Oh wait....I forgot.....it is perfectly OK for a bunch of rich old white dudes to be totally controlling about every aspect of their existence and message, discriminate as they wish as re their membership, and conduct their tournament by their own rules even if those rules are different from the requirements for every other golf tournament in the world....their invitational tournament will still be sanctioned by international golf bodies and they will all be referred to in hushed and reverent tones by the very same media assholes all the time....even if the Masters took a giant dump on their community once by telling CBS who it can and cannot assign for Masters coverage....ask Gary McCord about his fellow journalists' integrity....!

On the contrary, however, if a supremely gifted athlete ascends, by virtue of his talent, hard work and sheer force of will, to the pinnacle of the sport and popularize it like no one before....and generate unprecedented revenue for every one associated with the sport....if he should want to control his life and his message to his will and desire, then he is to be absolutely and endless vilified in every form of media possible....because the media are about integrity and morality, right?

Thursday, March 4, 2010

A glimpse into the corridors of financial power

A good read from Vanity Fair....Larry Fink's $12 trillion shadow.

Excerpt that I found particularly interesting:

He now says he lost money at First Boston because no one really understood the risks involved.

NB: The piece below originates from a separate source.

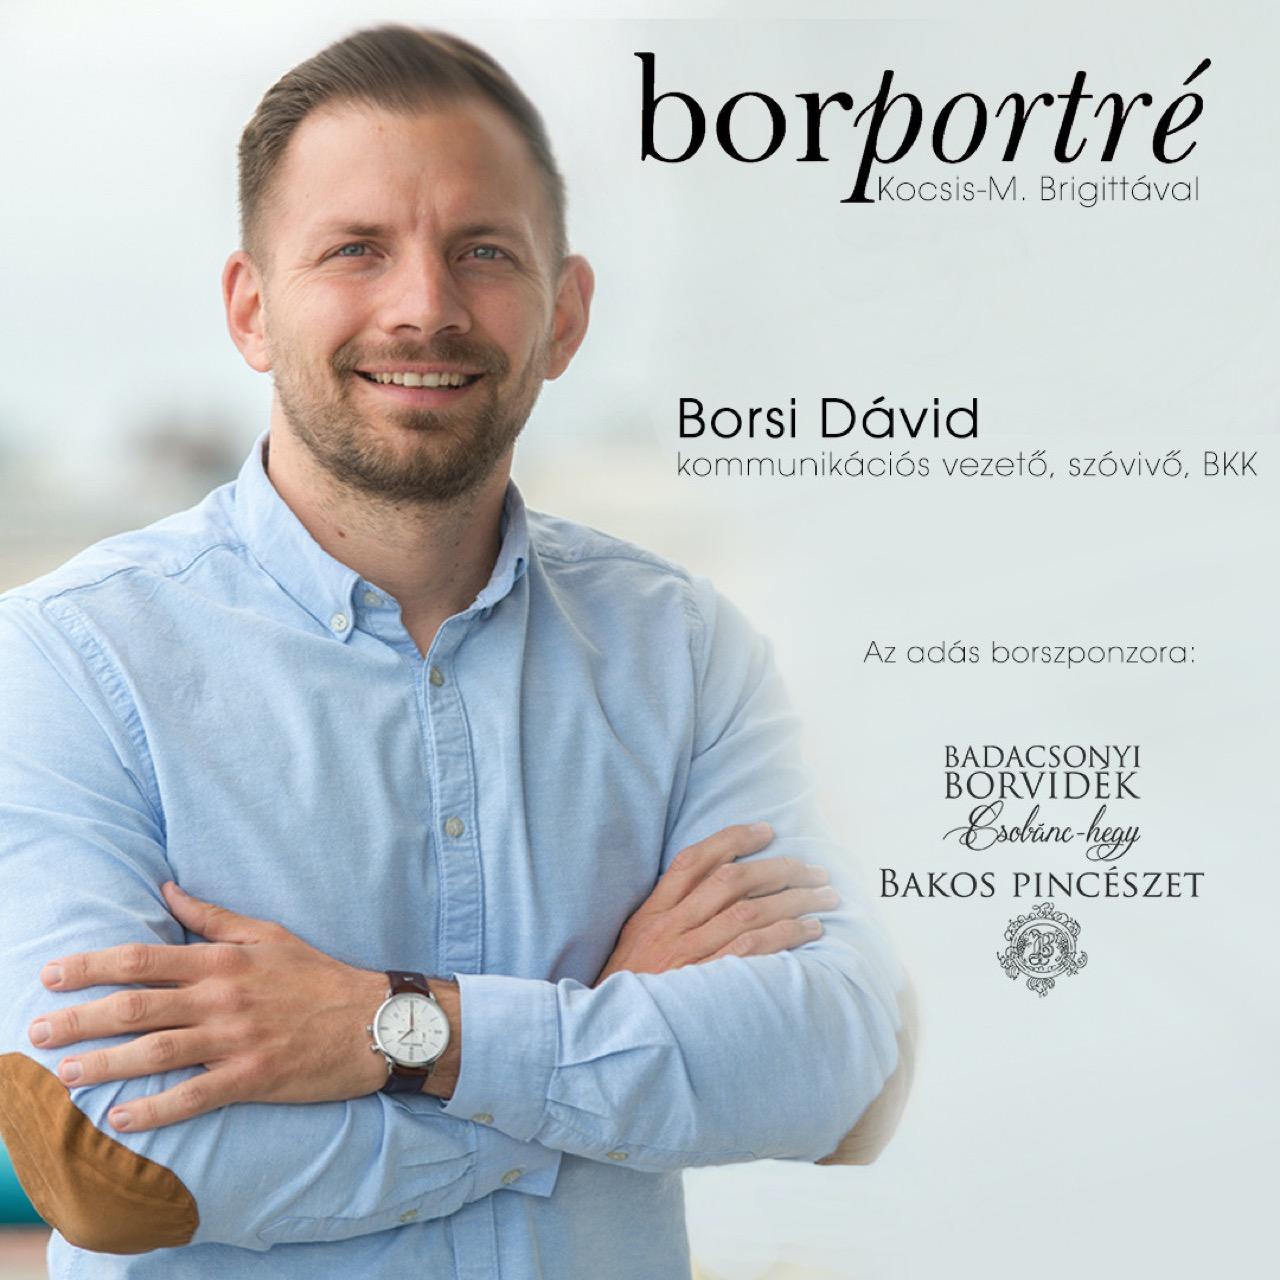 borportre_2021_04_21_borsi_david_bkk_bakos_kocka
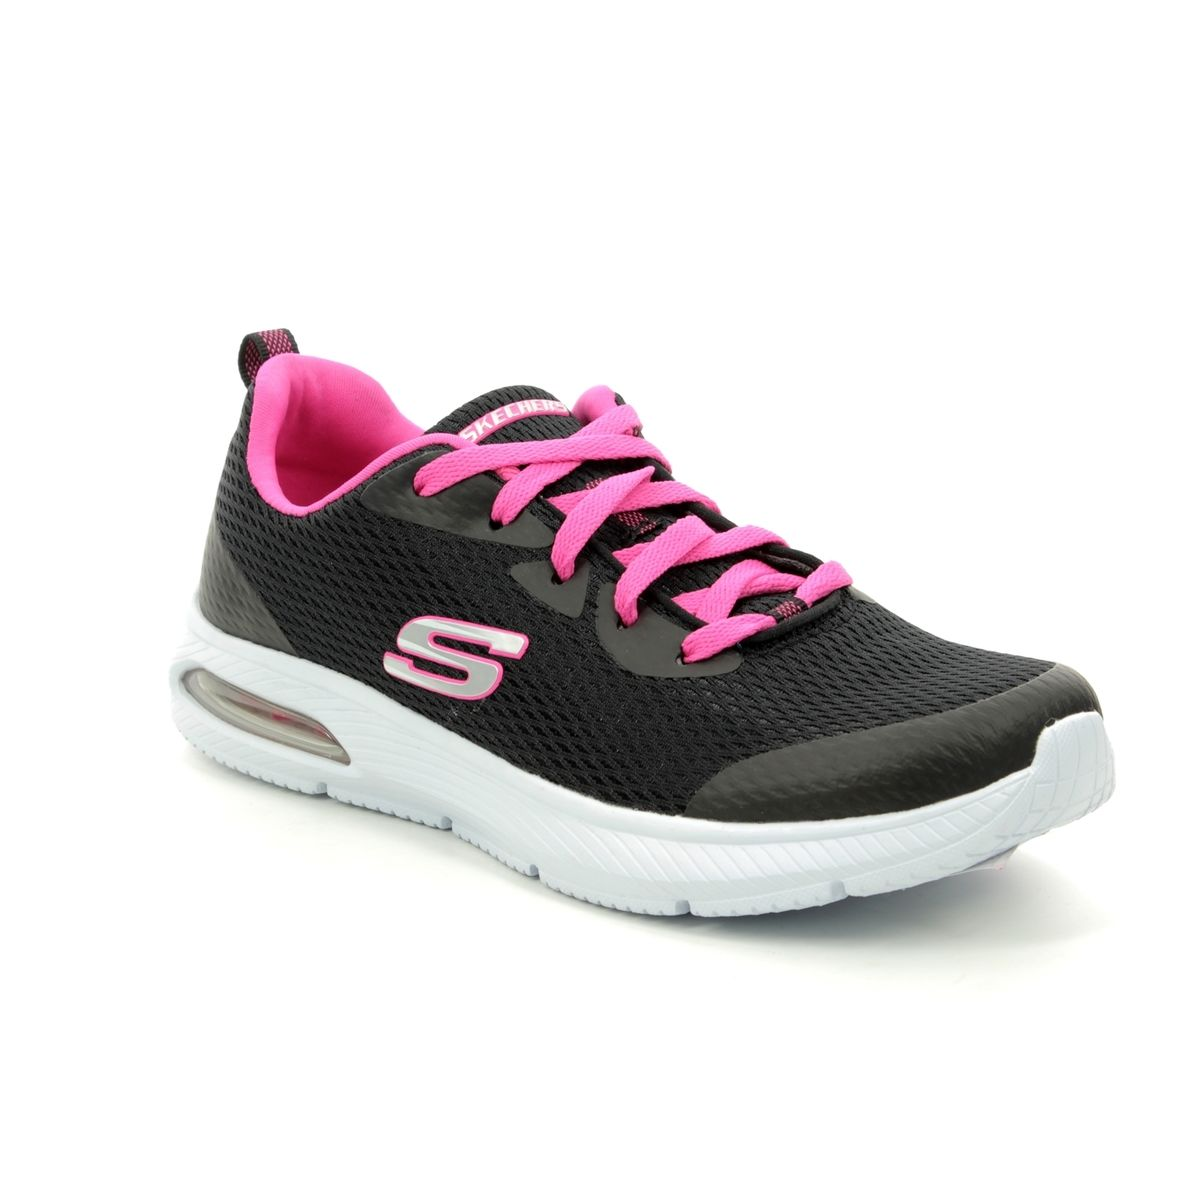 83051 Dyna air Jump Brights at Begg Shoes & Bags

The computer systems were inadequate, and so were the programs that measured the impact of key variables such as changes in interest rates. “We built this giant machine, and it was making a lot of money—until it didn’t,” Fink says. “We didn’t know why we were making so much money. We didn’t have the risk tools to understand that risk. It’s what I tell everybody today: you should analyze your portfolio just as much when you are making money, because you could be taking on too much risk.”

Seared by his fall from grace at First Boston, Fink vowed never again to be in a position where he did not fully understand the risks he was taking in the market. What Fink had also come to see during his years at First Boston was how little his clients—pension funds, corporations, state and local governments—understood about the risks they were taking. Indeed, he says they were almost completely dependent on Wall Street firms to measure their risk—which was something, he knew from experience, that Wall Street did poorly. And so he decided to build a company that would not only invest money for clients but offer them sophisticated risk management too.

Worth taking the time to read the whole thing.